A whopping 90% of people working in education (non-students) were likely to be concerned about the quality of the code they wrote themselves. This was an interesting result as they were also the industry most likely to say they were doing nothing at all to assess security (33%):
The industry most likely to be actively doing something about security is the finance industry. They were the group most likely to participate in code reviews (81%), most likely to have external audits of their code (30%), and the most likely to be using automated scans of their code (52%). The tech industry was a close second to finance in all of these answers.
Private code
We explored the ways developers use and store private code.
Everybody reports having private code and GitHub is an extremely popular place to store it — 93% of the advertising industry report using it, with most industries in the high 80’s. Manufacturing was an outlier here, with only 75% of developers saying they used GitHub. We thought this was a strange result, but it was consistent; when asked how they discovered packages, developers in manufacturing were also the least likely to report using GitHub (14% versus 20% for other groups).
Developers also store private npm packages. Across all industries, about a third of developers said they had created private npm packages. However, their reasons for doing so varied.
“However, by far the most popular reason for everyone using private packages was the most obvious: the packages contain private IP. Majorities from 65% in education to 91% in manufacturing reported this as a reason for creating private npm packages.”
Developers sometimes use private modules to hold test projects which aren’t ready for release. This practice varies widely across industries, with 23% of developers in education saying they do this but only 8% in retail.
More common was keeping code private for release as open source later. Education was likely to do this, with 27% saying so, and government employees following close behind at 25%. Healthcare developers, who reported less engagement with open source, were the least likely to report this as a reason, at 9%.
A big reason for everyone to keep private packages was re-use by their co-workers — including majorities from 53% in finance and 67% in retail.
However, by far the biggest reason for everyone using private packages was the most obvious: the packages contain private IP. Majorities from 65% in education to 91% in manufacturing reported this as a reason for creating private npm packages.
Testing
Finally, we explored attitudes toward testing across the industries.
In keeping with its answers in every other category, finance was the most likely to report that they use a testing framework (88%). Government and manufacturing developers on the other hand were the least likely to use a testing framework, with only 68% of developers in both industries saying so.

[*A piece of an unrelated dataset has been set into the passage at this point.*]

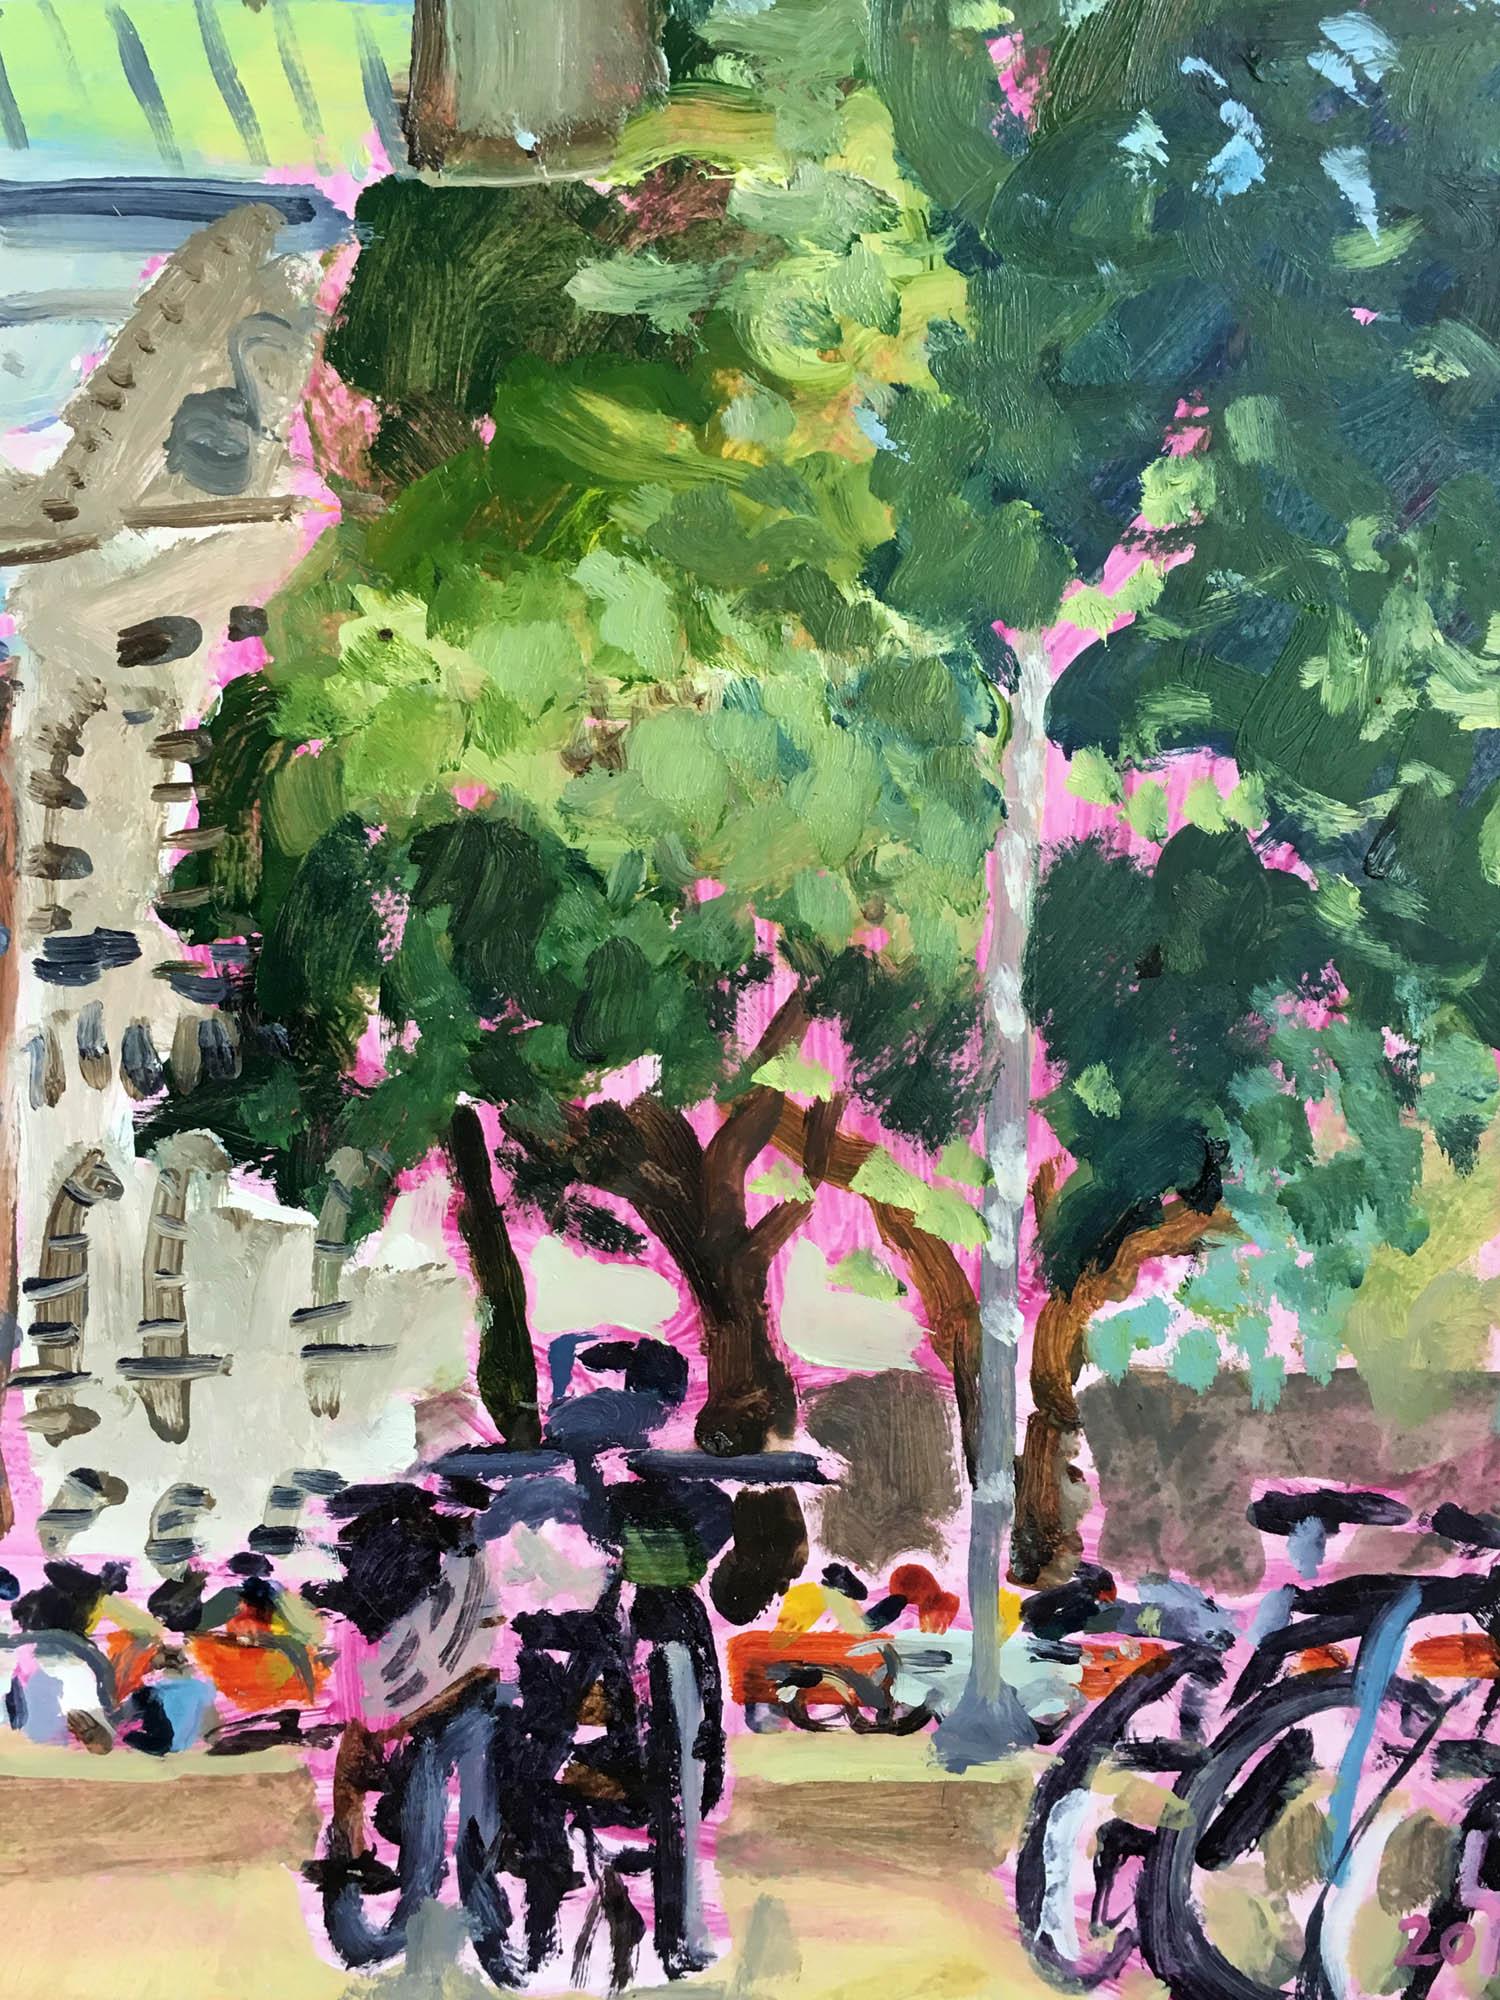 A Plein Air Outdoor Painting of the London Eye and Horse Guards Parade from St James Park London.
Painted by Lisa Takahashi on oil on board in July 2018, unframed, signed.

Across every industry, the most popular testing framework choice was Mocha (50%), followed by Jasmine (33%) and Jest (19%). Unlike web framework choices, there was less variation between the popularity of testing frameworks across industries.
Conclusions
There were some fascinating differences across the industries. The advertising and entertainment industries often found themselves paired together in terms of practices. Finance was cautious and security-focused. Government and manufacturing were mostly on the opposite end of that scale, with lower reported use of best practices and modern tooling. Whether you’re in these industries or building products for developers in these industries, we hope these results help you get a better sense of the broader universe of JavaScript developers.